Abstract

Assessing the impact of chemicals on the environment and addressing subsequent issues are two central challenges to their safe use. Environmental data are continuously expanding, requiring flexible, scalable, and extendable data management solutions that can harmonize multiple data sources with potentially differing nomenclatures or levels of specificity. Here, we present the methodological steps taken to construct a rule-based labeled property graph database, the “Meta-analysis of the Global Impact of Chemicals” (MAGIC) graph, for potential environmental impact chemicals (PEIC) and its subsequent application harmonizing multiple large-scale databases. The resulting data encompass 16,739 unique PEICs attributed to their corresponding chemical class, stereo-chemical information, valid synonyms, use types, unique identifiers (e.g., Chemical Abstract Service registry number CAS RN), and others. These data provide researchers with additional chemical information for a large amount of PEICs and can also be publicly accessed using a web interface. Our analysis has shown that data harmonization can increase up to 98% when using the MAGIC graph approach compared to relational data systems for datasets with different nomenclatures.

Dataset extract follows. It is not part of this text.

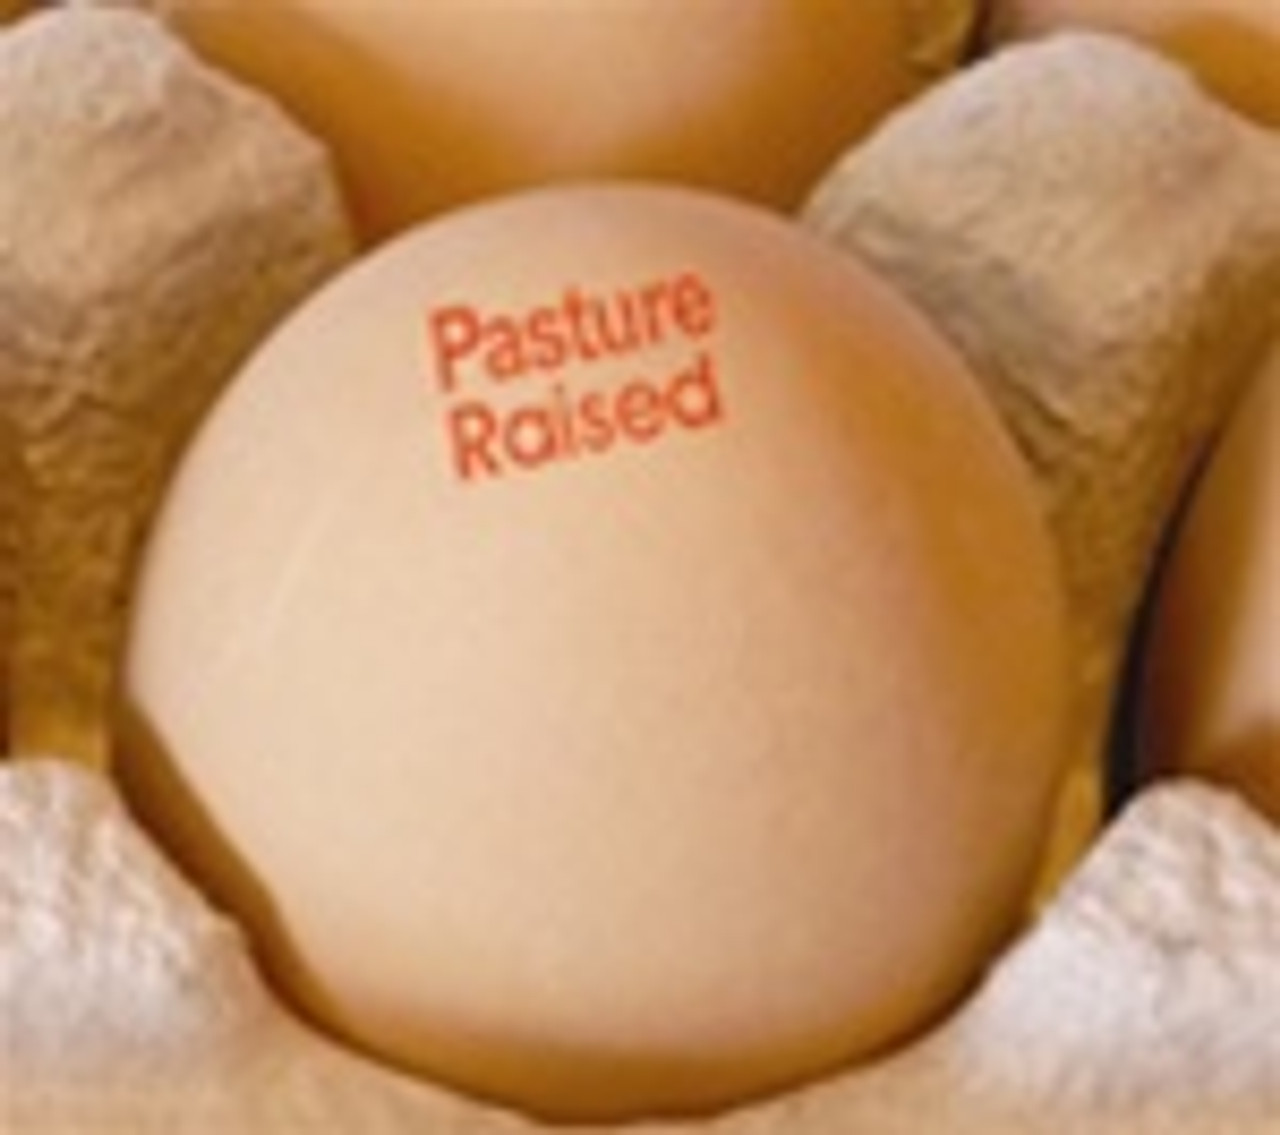 Pasture Raised Egg Stamp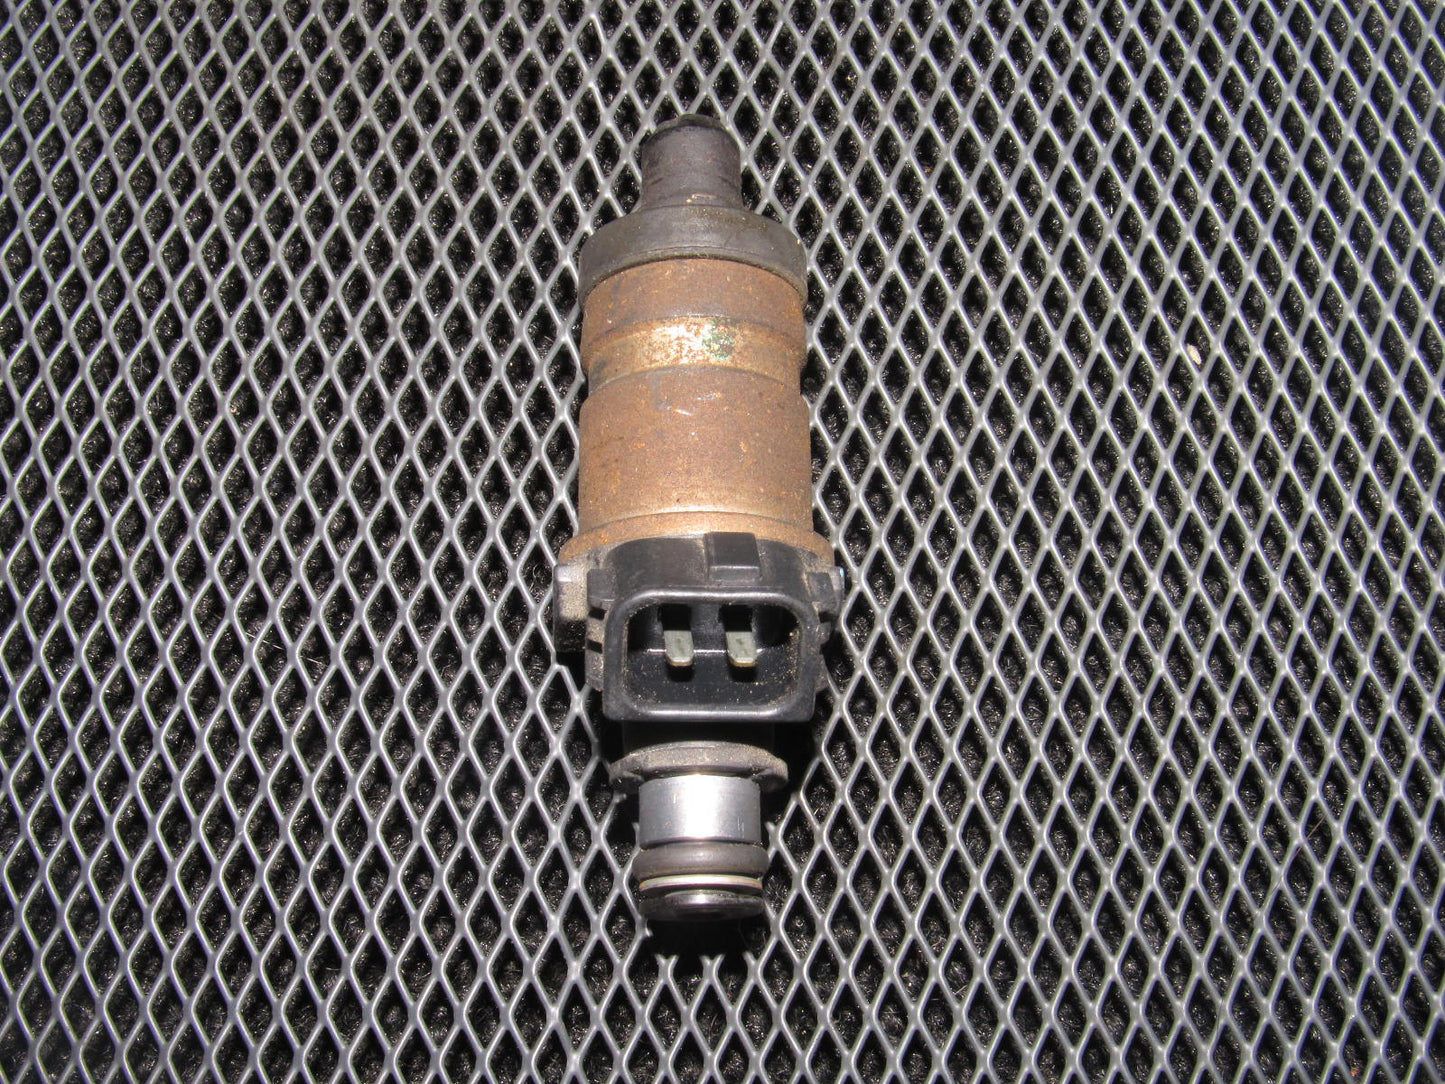 97-01 Honda Prelude OEM Fuel Injector - 1 piece

The graph database system and its data appear more suitable for large-scale analysis where traditional (i.e., relational) data systems are reaching conceptional limitations.

Highlights

  • IntroductionWe present the methodological steps taken to construct a rule-based labeled property graph database, the “Meta-analysis of the Global Impact of Chemicals” (MAGIC) graph, for potential environmental impact chemicals (PEIC) and its subsequent application harmonizing multiple large-scale databases

  • Science can rely on numerous databases providing these data (Table 1) for potential environmental impact chemicals (PEICs, e.g., pesticides, industrial chemicals, flame retardants, and solvents)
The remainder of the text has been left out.